OKAY~ NOW WHAT??? I prayed for God to send me someone to minister to and I have 4 people who have immediate needs. This always happens with me. Then I get depressed that the world is so horrible. I get overwhelmed that I am limited in time, money and skills(in that order). I get depressed again because I can't help everyone. I fantasize about what I can do someday. I tell myself I can teach my children how to serve by making them go with me...I really think about what I would be subjecting them to and the cycle repeats. Then I look around at my house and mount washmore, the paper clutter I need to conquer, and whatever project I am working on and I try to imagine how I could ever help anyone else. Then I tell myself I can't even help me much less anyone else. Then I get depressed again trying to figure out who can help these people that I know need it. I hate this merry-go-round.

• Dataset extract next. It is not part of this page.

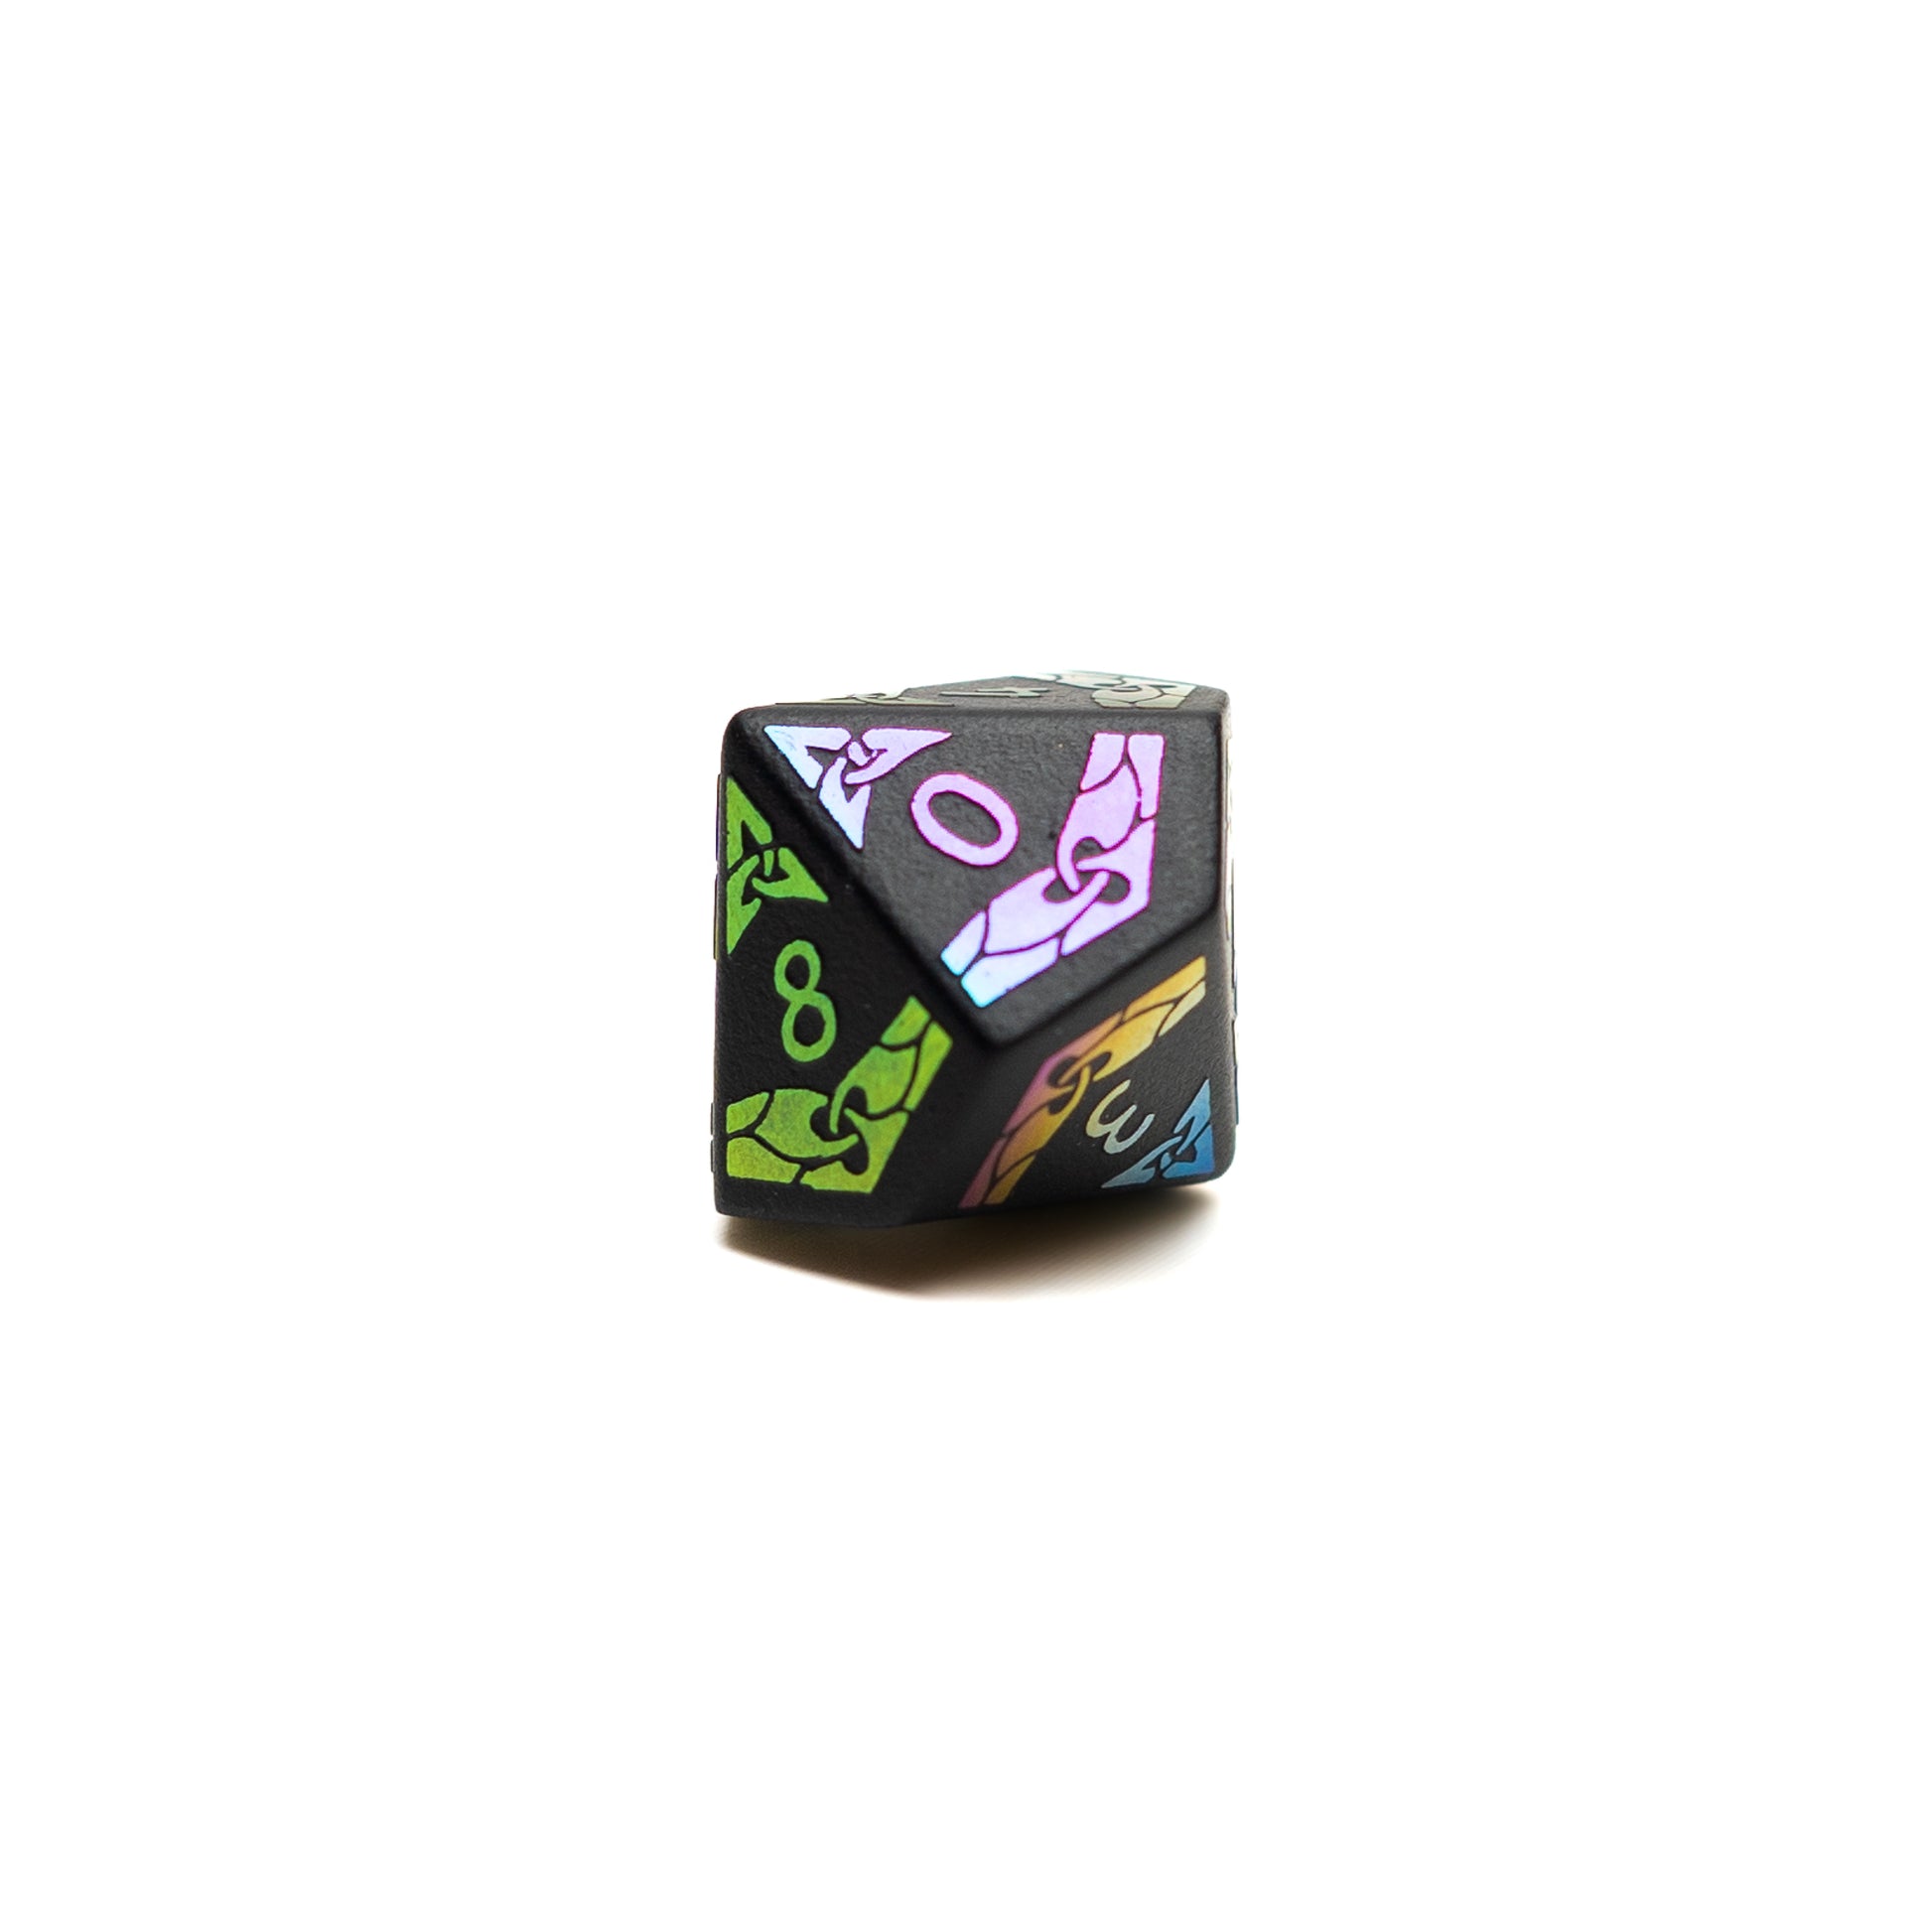 Roll Britannia Sharp Edged Obsidian Gemstone Dungeons and Dragons D10 Dice with Iridescent details

I am going to just keep praying. Ordinarily, I give up and just accept all the aforementioned limitations. Lately though I detect a pattern and I think maybe this is a spiritual battle. I must first and foremost submit myself to God and trust that he will send me people that I am capable of helping. Perhaps the 4 people are just distractions to keep me from the person/persons God means for me to minister to. Pray for me. I want to be effective for him.

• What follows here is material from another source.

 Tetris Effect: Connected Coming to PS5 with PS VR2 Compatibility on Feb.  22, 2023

Social Studies fair tonight was so enjoyable. I really liked seeing everyone's kids doing their presentation. I just love our group, it is soooo diverse. My girls did very well. They worked as a team on their project and their presentation. Despite what they say and how they act, I know they are a team and are comforted by one another in many ways. I almost feel bad that I did not have a sister for Lilly to be closer in age to...ALMOST...she does have the joy of two older sisters. Going to bed now, tomorrow is stay-at-home day and after a day like today, I am looking forward to it!!